Generate a VCF File to Annotate Outside of Rare Metal
- --writeVCF allows user to write a VCF file including pooled single variants from all studies. Then users can use their favorite annotation tool to annotate the VCF file. After annotating the VCF file, users can use that file as input for Rare Metal for further gene-based or region-based meta analysis.
- The output vcf file will be name as: yourPrefix.pooled.variants.vcf. An example output vcf file is in the following:
#CHROM POS ID REF ALT QUAL FILTER INFO 1 115658497 115658497 G A . . ALT_AF=0.380906; 2 74688884 74688884 G A . . ALT_AF=8.33611e-05; 3 121414217 121414217 C A . . ALT_AF=0.0747833;
- Rare Metal allows filtering of variants from individual studies by their HWE pvalue and call rate, which are generated as part of the output from Rare Metal Worker.
- To filter by HWE p-values, --hwe option should be used. The default is 0.0, which means not filtering any of the variants.
- To filter by call rate, --callRate option can be specified.

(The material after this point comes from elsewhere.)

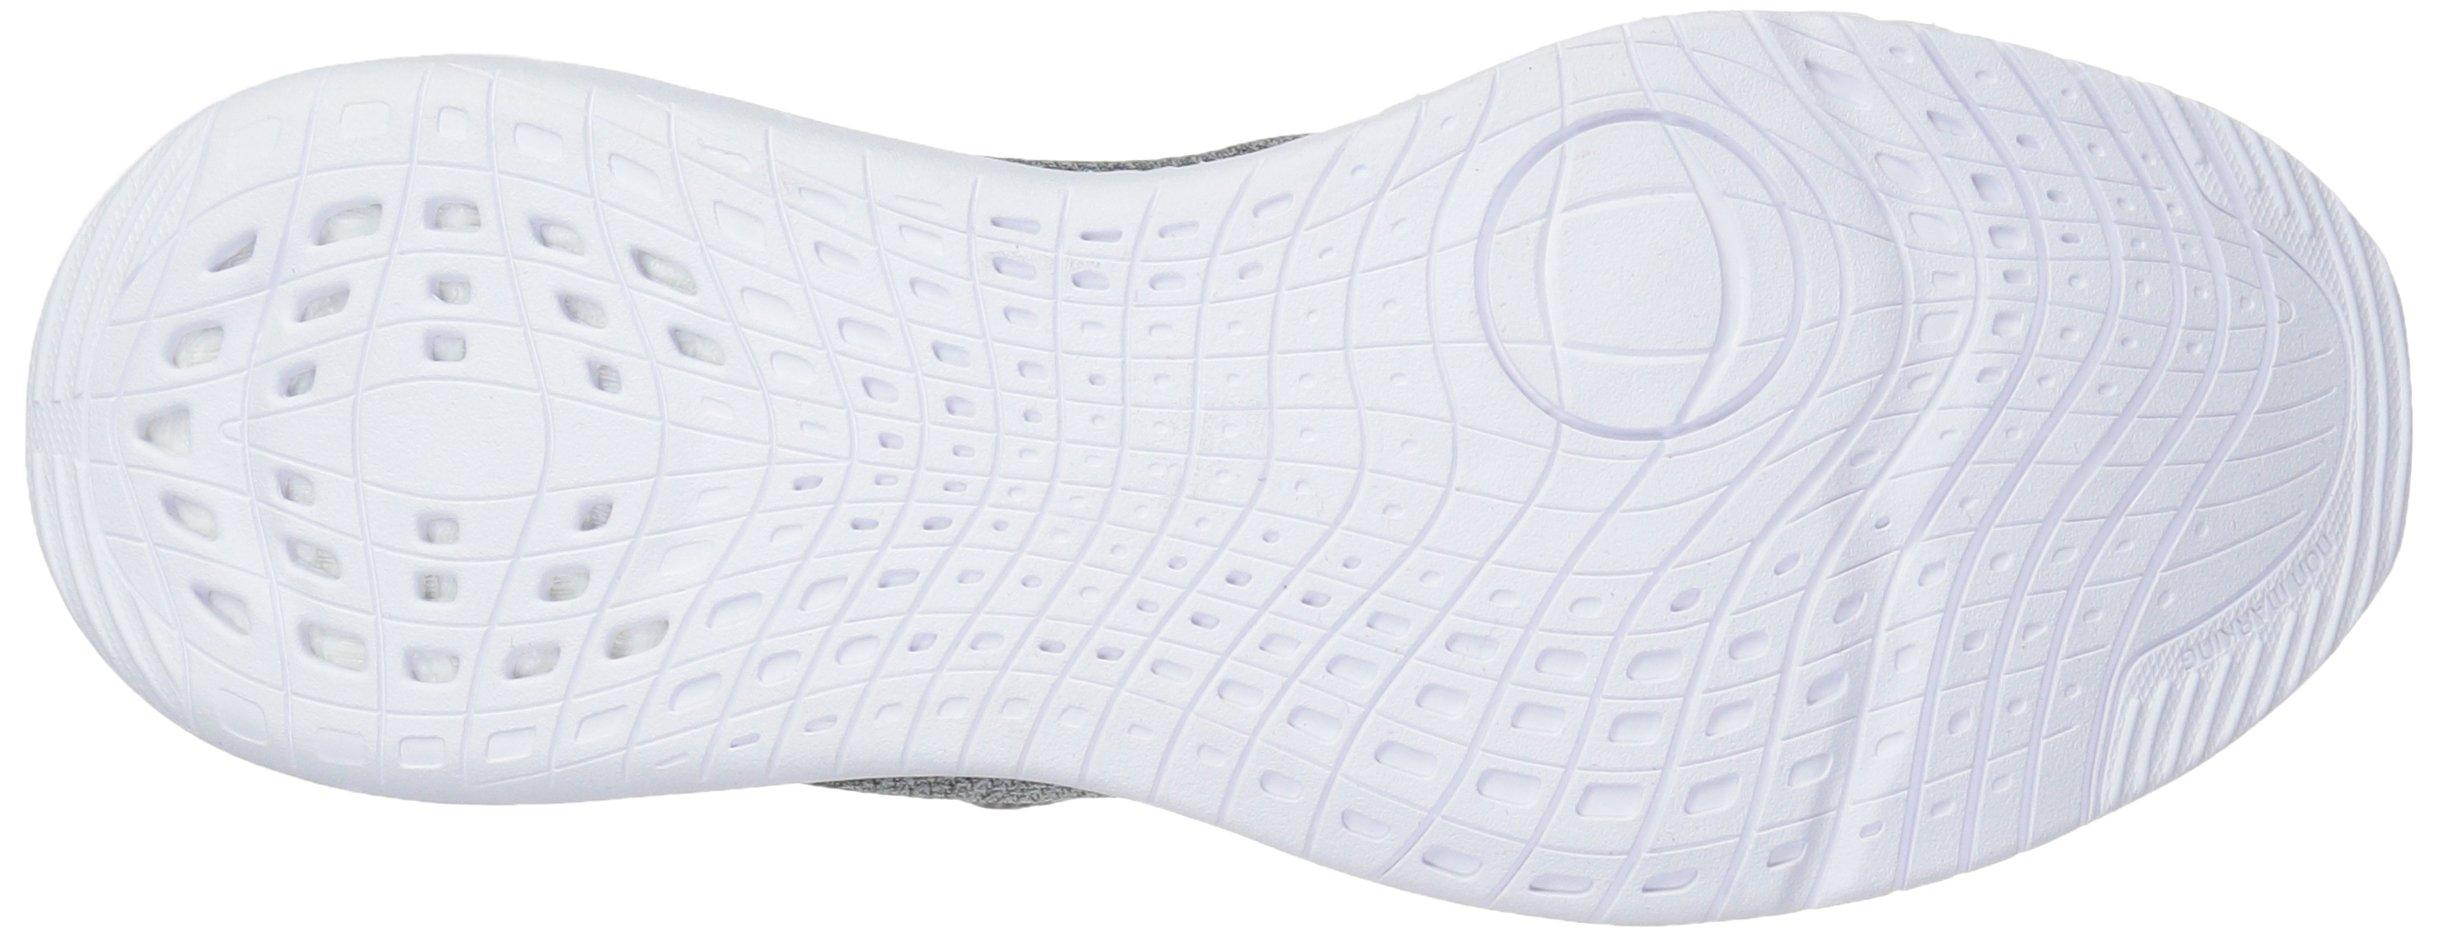 71OPiwAUaoL - adidas Womens Pure Boost x tr Zip Low Top Slip On Fashion Sneakers

The default is 0.0, which allows no filtering utilized.
- Currently, four methods are provided in Rare Metal, CMC type burden test, Madsen-Browning burden test, Variable Threshold burden test, and SKAT.
Additional Analysis Options
- --prefix allows customized prefix for output files.
- --maf specifies the minor allele frequency cutoff when doing gene-based or group-based burden tests. The default is maf<0.05.
- --longOutput allows users to output not only burden test results but also the single variant results (allele frequencies, effect sizes, and p-values) for the variants being grouped together. Please refer to the output files section for detailed explanation and examples.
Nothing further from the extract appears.